A recent article in R&D Magazine saw researchers warning that a flood of unassembled genetic data is being produced much faster than current computers can turn it into useful information. The piece caught my eye as it highlights a critical issue: that informatics is the real ‘dark matter’ of the genomic revolution. Just as in the early days of high throughput drug discovery, when measurement and automation technologies generated mountains of data, informatics can still be the difference between active management of the data deluge problem or simply just coping with it.

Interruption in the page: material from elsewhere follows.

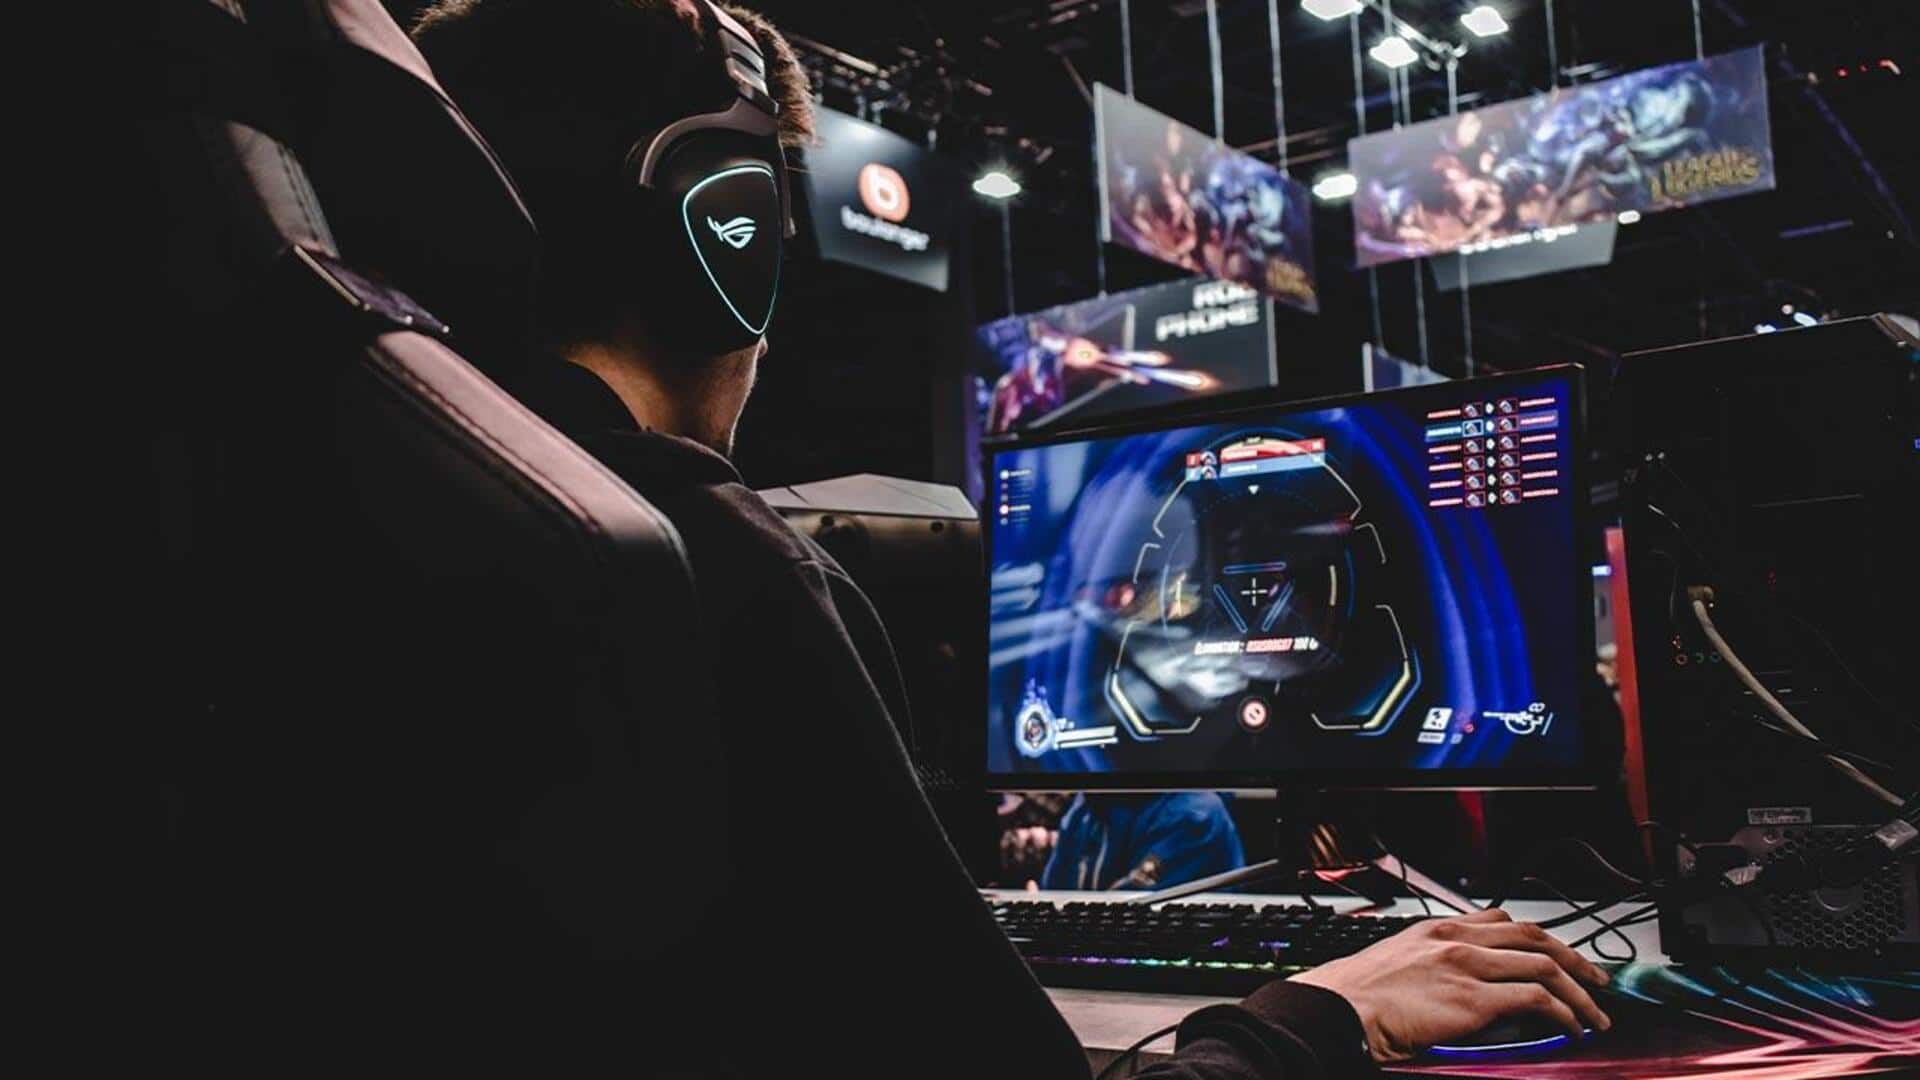 Indian VC firm launches ₹350cr fund for boosting e-sports ecosystem

Informatics is not just about technology, it’s the combination of people and IT. Not only do we need bigger and faster machines, we need the software that enables bioinformaticians to work more efficiently. Too often highly skilled scientists spend their time fixing spreadsheets or finding files rather than being able to focus on the science, which is where they add significant value. Generating self-built systems to support themselves and stakeholders is normal at the early stage of any new endeavour but it is no long-term solution to effective data management.
The storage, provenance and sharing of scientific data as part of the analysis process is often overlooked and this is a critical failure. Without the ability to contextualize and store files, orchestrate analyses and share insights gained, ‘omics analysis remains transactional, creating vast amounts of rework and lost innovation potential.
Commercial systems do exist to address these challenges. They drive efficiency and capture the fruits of bioinformaticians’ work so that their impact is greater.
Before we rush to write the next great algorithm and build the quantum-based supercomputer we must put in place a robust data management foundation which will support this information revolution and those who will drive it.